Arthur Docters van Leeuwen (8 May 1945 – 14 August 2020) was a Dutch politician, jurist and civil servant. He was member of the liberal political party VVD. Between 1999 and 2007 he was chairman of the Netherlands Authority for the Financial Markets, an agency of the Dutch government, which supervises Dutch financial markets.

==Career==
Docters van Leeuwen was born in The Hague on 8 May 1945. After studying law (degree 1969) and various functions for the Dutch government, he became head of the Domestic Security Service, the Dutch secret service (currently the AIVD), in 1989. In 1995, he was succeeded by Nico Buis, after Docters van Leeuwen became a member and chairman of the Board of Procurators General in The Hague (a board which supervises Dutch public prosecutors).

As a member of this board, Docters van Leeuwen came into conflict in 1998 with Justice minister Winnie Sorgdrager (D66). The question was about a conflict of interest of another member of the board, Dato Steenhuis, who was on the pay-roll of the company that looked into the workings of the public prosecution in the region of which Dato Steenhuis, as board member, was responsible. Docters van Leeuwen supported Steenhuis against Sorgdrager; the ensuing breach of confidence between the two resulted in Docters van Leeuwen being fired from the Board. Shortly thereafter, in September 1999, Docters van Leeuwen became chairman of the Netherlands Authority for the Financial Markets.

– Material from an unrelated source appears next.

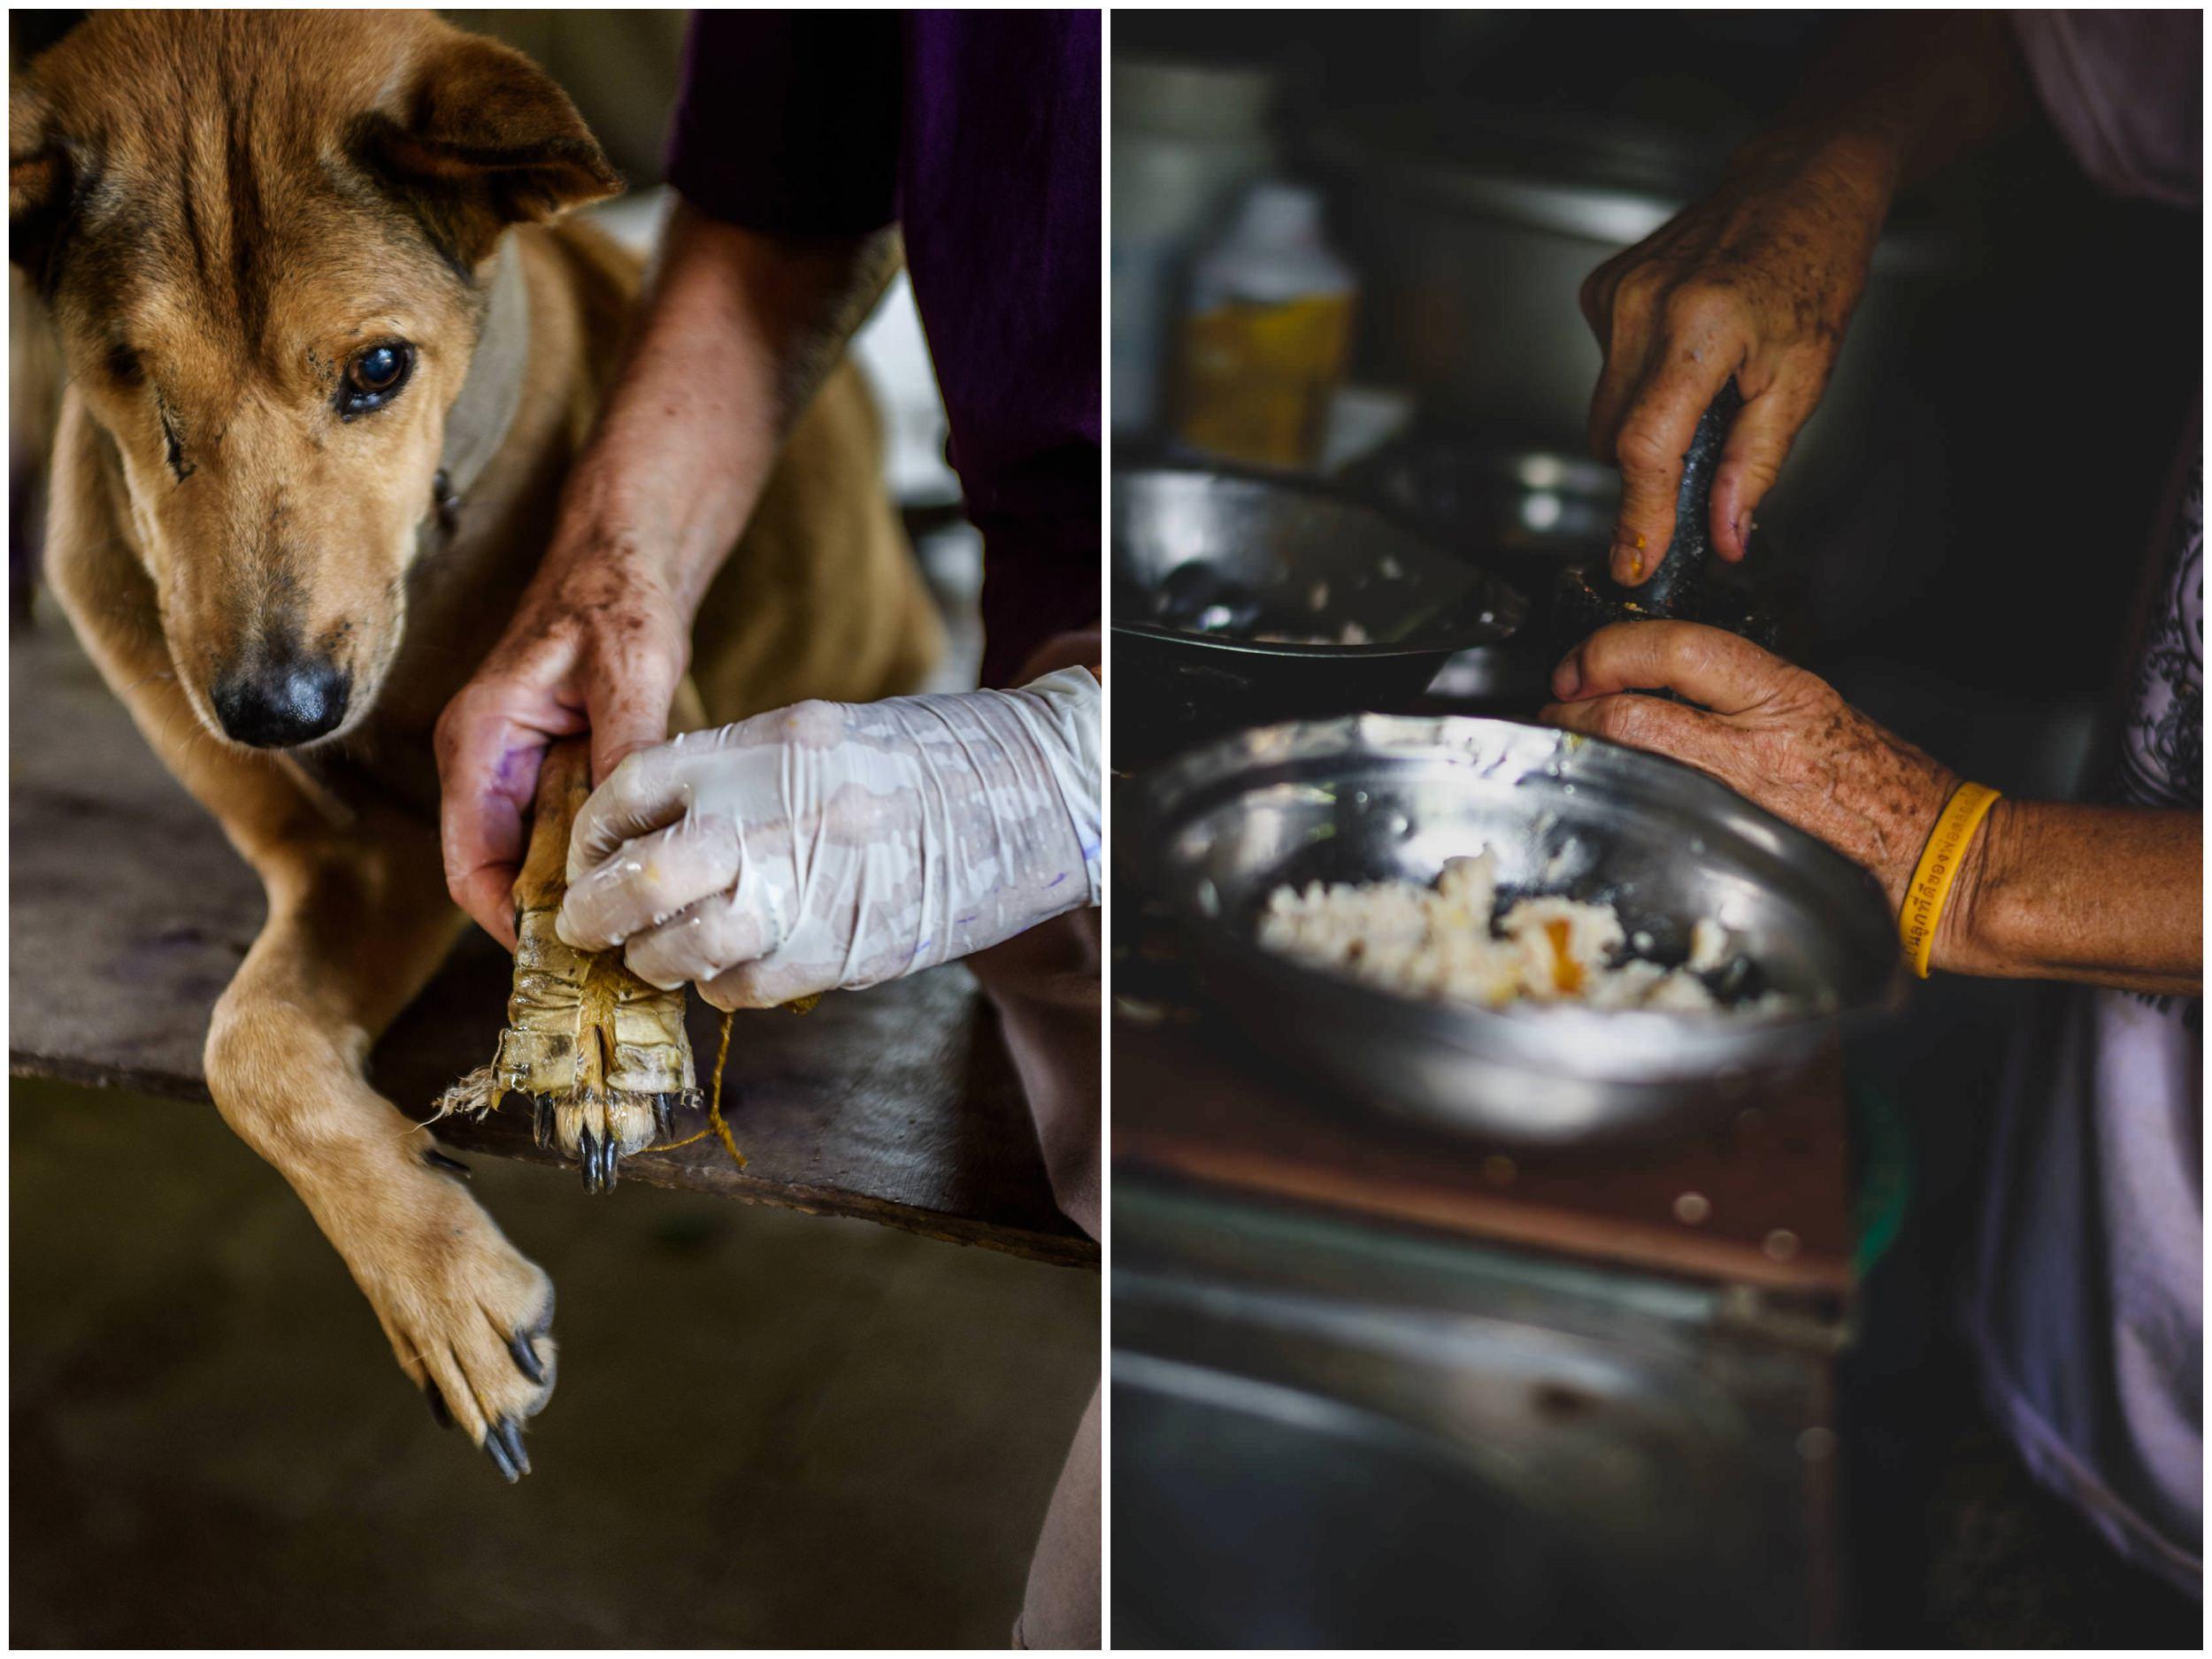 Headrock, dogs, shelter, rescue, people, hands, compassion, care, bang saphan, thailand, honden, straathonden, opvangcentrum, rehabilitatie, rehabilitation, asiel, verzorging, compassie, suthep sankuntod, hurricane tep, verity cattanach poole

In June 2007 Docters van Leeuwen stepped down as chairman of the Netherlands Authority for the Financial Markets. After his retirement as a civil servant he became chairman of the Holland Financial Centre, research fellow at the Netherlands School for Public Administration and chairman of the advisory board of IRS, a company active in the field of security, investigations and integrity management.

==Political career==
Although at first a member of the social liberal D66, Docters van Leeuwen became a member of the VVD, for which he co-authored the new foundational program, the Liberal Manifest. In 2006, he was a candidate for the VVD for the Dutch general election. He removed himself from the list though, after he obtained a lower (#10) position on the list than Fred Teeven (#5). Fred Teeven was a public prosecutor in Amsterdam at that time. Docters van Leeuwen reasoned with his lower position than Teeven's on the candidacy list that "clearly the VVD chooses a direction that is not mine."

==Personal life==
Docters van Leeuwen suffered a heart attack at age 75.